Design and Prototyping
LinkedIn’s design and product teams likely leverage tools like:
- Figma – Collaborative design and prototyping
- Adobe Creative Cloud – Graphics, iconography, image editing
- InVision – Interactive prototyping and usability testing
- Principle – Animated transitions and microinteractions
These help them mockup and refine the UI/UX of new LinkedIn mobile features before development begins.
Testing and Monitoring
Thorough testing is critical for LinkedIn to maintain quality and stability across their mobile apps.

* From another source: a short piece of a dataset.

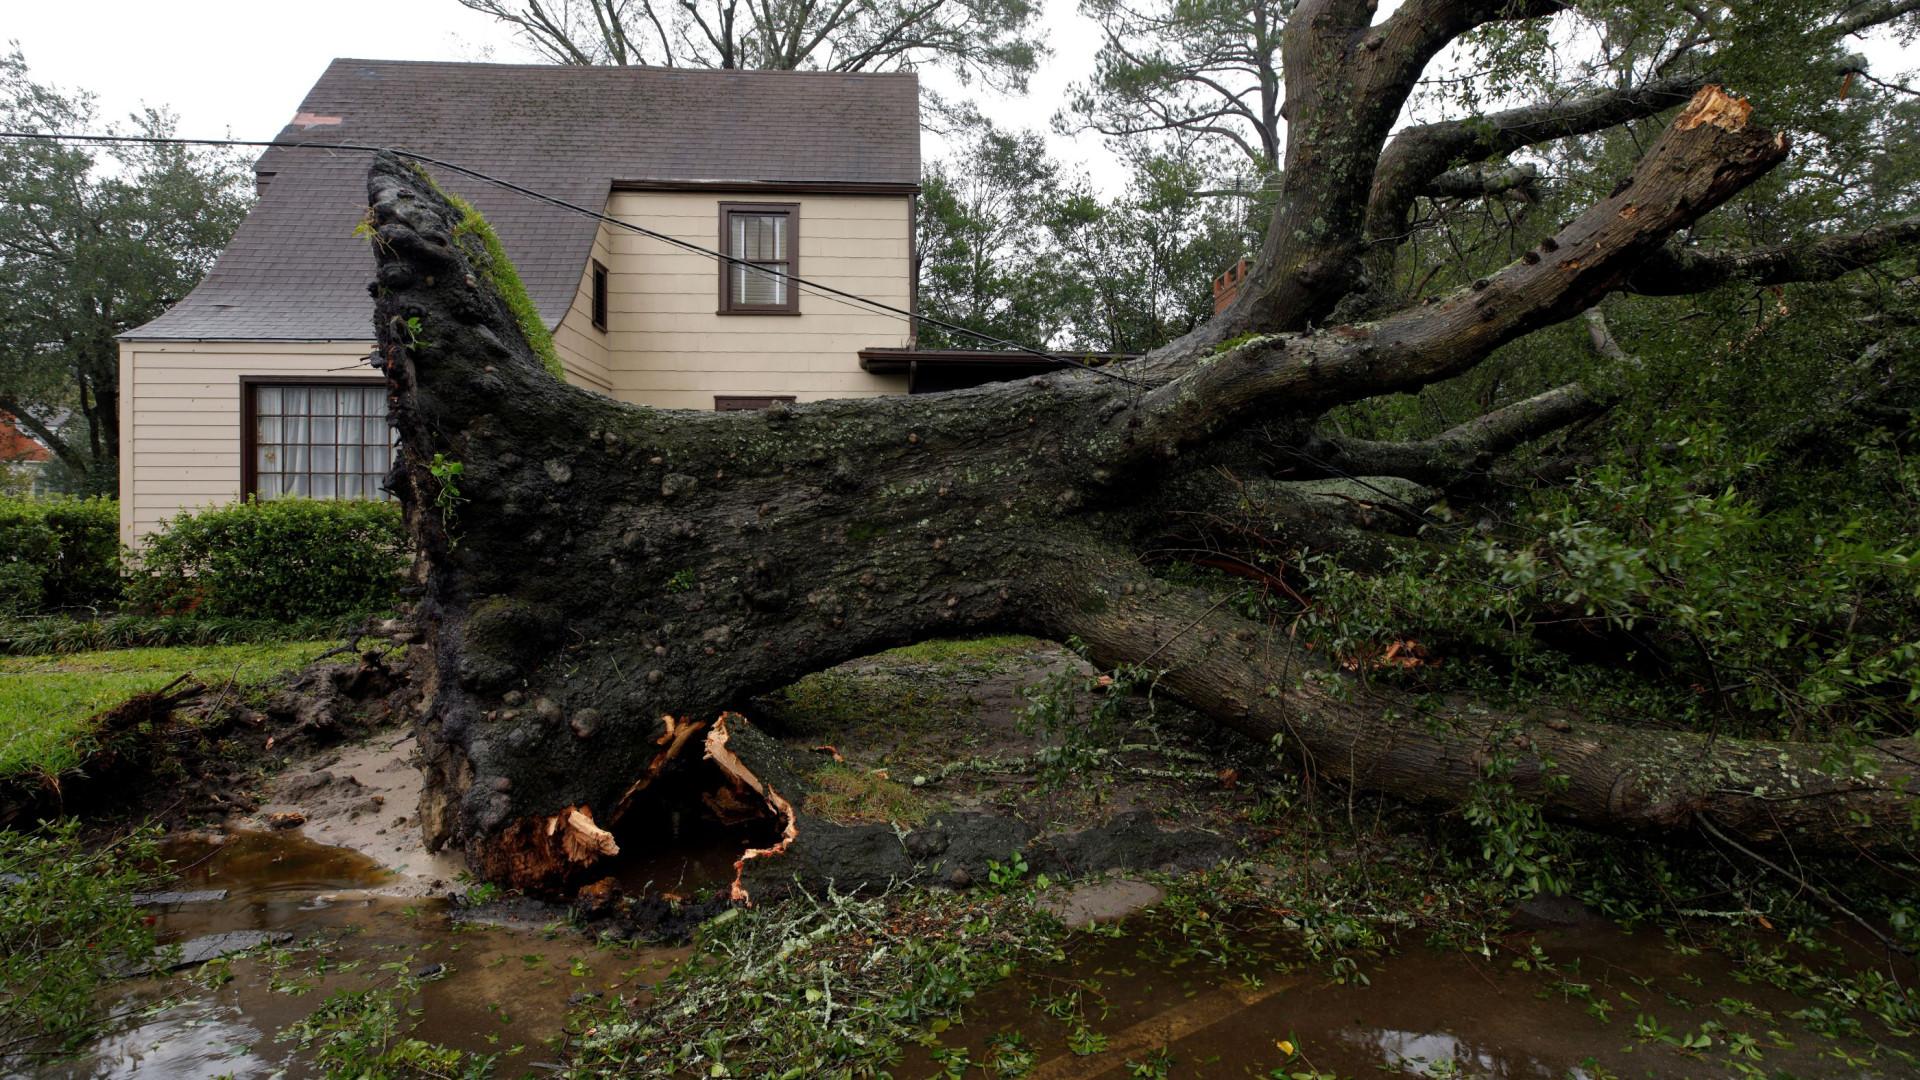 Florence passou de furacão a tempestade tropical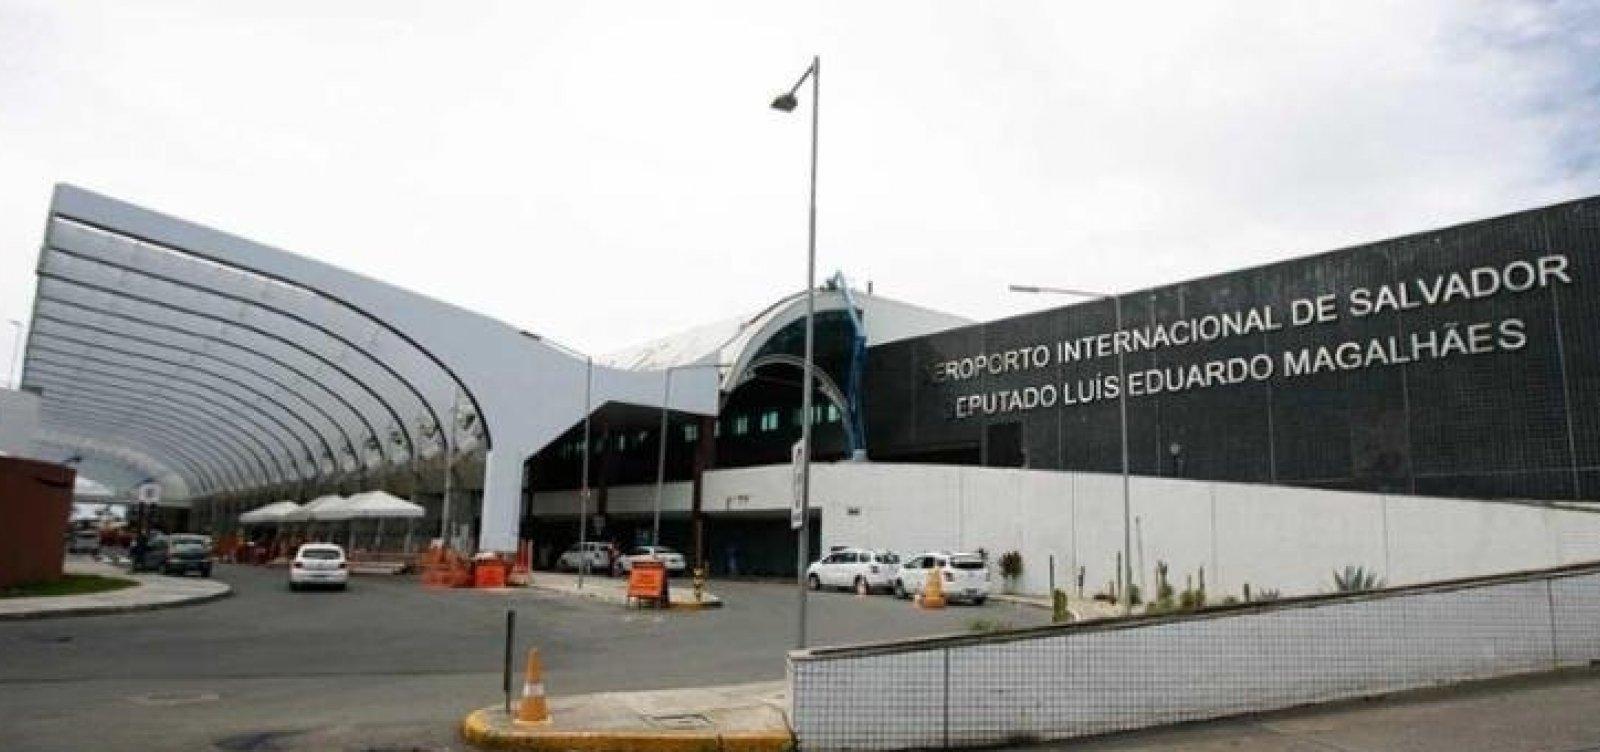 Piloto muda rota de voo por causa de mau tempo em Salvador

They likely employ various testing techniques like:
- Unit testing – Low-level component tests
- Integration testing – End-to-end API testing
- UI testing – Frontend acceptance and flows
- Performance testing – Stress tests, load tests, etc.
- Beta testing – Real-world testing with a subset of users
In addition, LinkedIn monitors its apps in production using tools like Datadog, New Relic, AppDynamics, and Sentry to detect issues and performance problems in real-time.
Conclusion
LinkedIn leverages a wide array of modern platforms, frameworks, services, and tooling to build, deliver, and refine its mobile apps. Key technologies likely include:
- React Native and native iOS/Android for the frontend
- REST/GraphQL APIs and microservices on the backend
- CI/CD pipelines for continuous delivery
- Distributed data stores like Redis, Kafka, Cassandra, and Elasticsearch to power core functionality
- Major cloud platforms like AWS, Azure, and GCP for the infrastructure
- Third-party SDKs for richer integrations
Of course, the actual technical stack powering LinkedIn’s mobile apps is proprietary and subject to change. But hopefully this gives a realistic overview of some of the technologies likely used based on LinkedIn’s scale, industry best practices, and technological trends.
Building a massive platform like LinkedIn mobile requires world-class engineering talent leveraging cutting-edge languages, frameworks, and infrastructure. With mobile usage dominating today’s social networking landscape, LinkedIn’s technical investments in its mobile apps allows it to reach users wherever they are.